L’écart productivité-salaires

L’autre élément qui explique ces marges brutes confortables est le fait que la productivité a davantage progressé que les salaires. L’écart est moins grand si l’on considère uniquement le salaire au sens strict que le coût salarial au sens large, qui reprend les subsides à l’emploi et les réductions de cotisations sociales. Mais si l’on prend cette définition plus large, le coût salarial est pratiquement stagnant depuis 2008-2010.

Nos entreprises affichent désormais de meilleures marges que celles des entreprises allemandes et françaises et font jeu égal avec les néerlandaises.

“Pendant une longue période les coûts salariaux horaires étaient plus élevés en Belgique que chez nos voisins. La situation a changé depuis 2013-2014 et l’écart a pratiquement disparu en 2021 en raison des efforts entrepris pour améliorer la position concurrentielle du pays (baisse des cotisations sociales, tax shift, etc.)”, constate Tomas De Keyser. L’important choc salarial qui résulte de l’indexation automatique des salaires au début de cette année pourrait toutefois rebattre les cartes, ajoute-t-il.

Ce meilleur mix sectoriel et cette meilleure productivité expliquent que nos entreprises affichent désormais de meilleures marges que celles des entreprises allemandes et françaises et fassent jeu égal avec les néerlandaises. Cependant, il faudra ici aussi vérifier tout cela lorsque l’impact des dernières indexations sera traduit dans les statistiques.

Quand les machines coûtent cher

Il faut être d’autant plus prudent que jusqu’ici, nous parlions de taux de marge brut. Lorsque l’on considère le taux net, obtenu après amortissement du capital, c’est-à-dire des machines et des équipements, la courbe est sensiblement différente.

“Le taux de marge net est nettement inférieur à la part brute et a longtemps oscillé autour de 25% de la valeur ajoutée, observe la BNB. Bien qu’une modeste tendance à la hausse puisse être observée au cours de la période d’observation, la part des bénéfices nets reste actuellement beaucoup plus proche de son niveau de 1995.” Au premier trimestre de cette année, nous étions en effet en dessous de 26%.

Pourquoi cette stagnation alors que le taux brut progresse? “Dans une économie moderne, en raison des développements technologiques, la proportion de machine à longue durée de vie (15-20 ans) diminue, et celle de machine à durée de vie plus courte augmente”, répond Tomas De Keyser.
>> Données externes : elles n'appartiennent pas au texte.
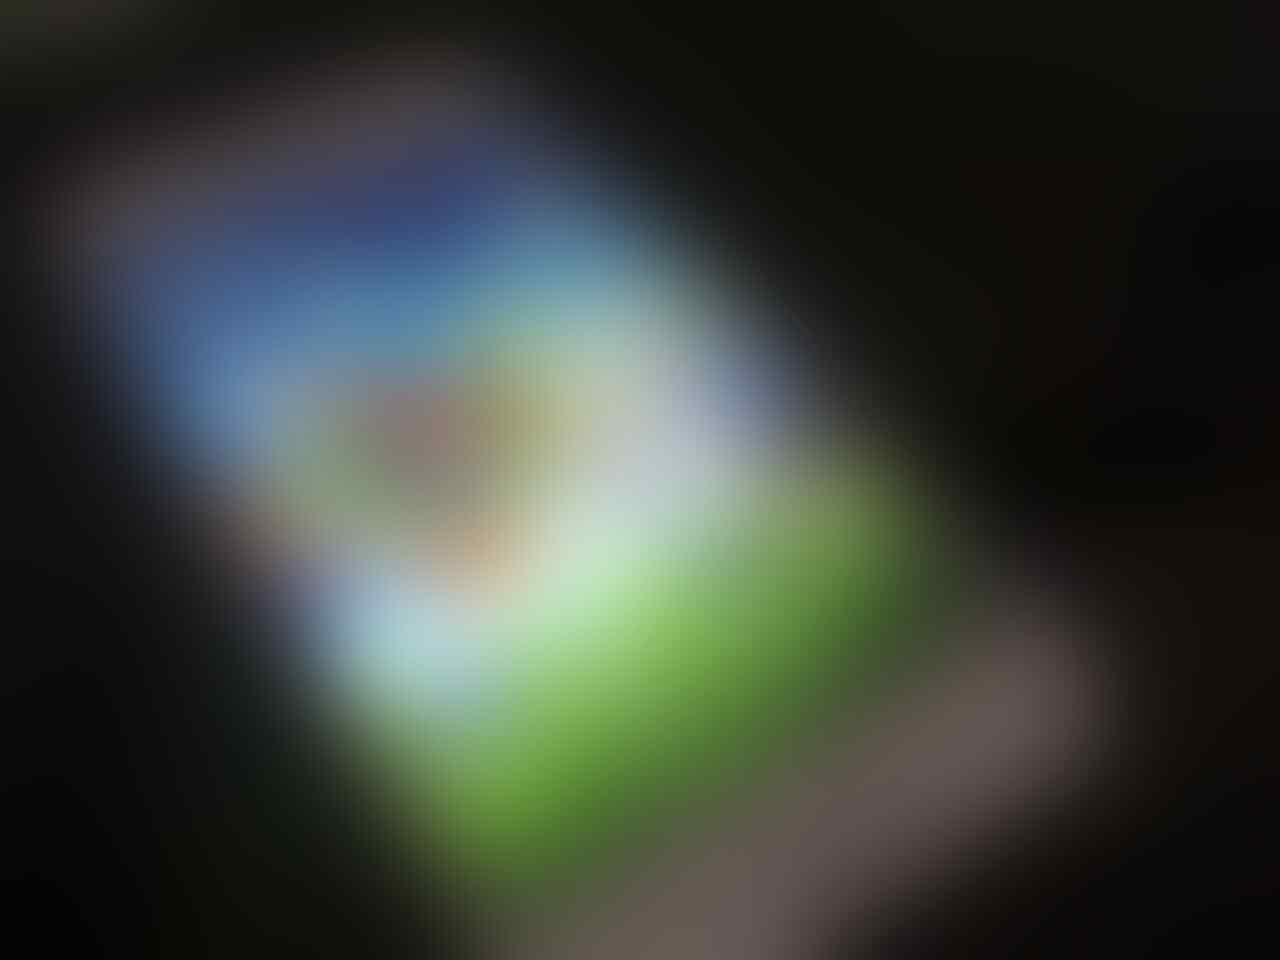 SAMSUNG S4 REPLIKA MULUS LIKE NEW+ANTI GORES

La nécessité de renouveler plus rapidement qu’avant le capital vient donc manger une partie non négligeable des marges.

Pas de greedflation

Reste la grande question: est-ce que la hausse des marges des entreprises a dopé l’inflation? Non, répondent les économistes de la BNB. En fait, “les marges bénéficiaires sont fortement corrélées négativement avec les coûts salariaux”, notent-ils. Lorsque les marges augmentent, les salaires augmentent moins et le taux d’inflation (ou plutôt le déflateur du PIB, qui est l’inflation vue avec les yeux des entreprises) reste stable. C’est compréhensible: les entreprises qui n’ont pas un “pricing power infini” ne peuvent compenser la hausse des salaires en vendant leurs produits plus chers. Elles vont donc puiser dans leurs marges.

On a d’ailleurs observé ce phénomène lorsque l’inflation a fortement augmenté à partir de la mi-2021. “Les pressions sur les coûts intérieurs sont alors principalement provenus de la hausse des coûts salariaux résultant des mécanismes d’indexation automatique. La contribution des bénéfices des entreprises à l’inflation, en revanche, a diminué au cours des derniers trimestres et est même devenue négative”, souligne la BNB. Et la BNB ajoute que c’est un particularisme belge: “Cette évolution est contraire à celle observée dans d’autres pays où les bénéfices unitaires ont d’abord poussé l’inflation alors que les coûts salariaux augmentaient plus lentement”.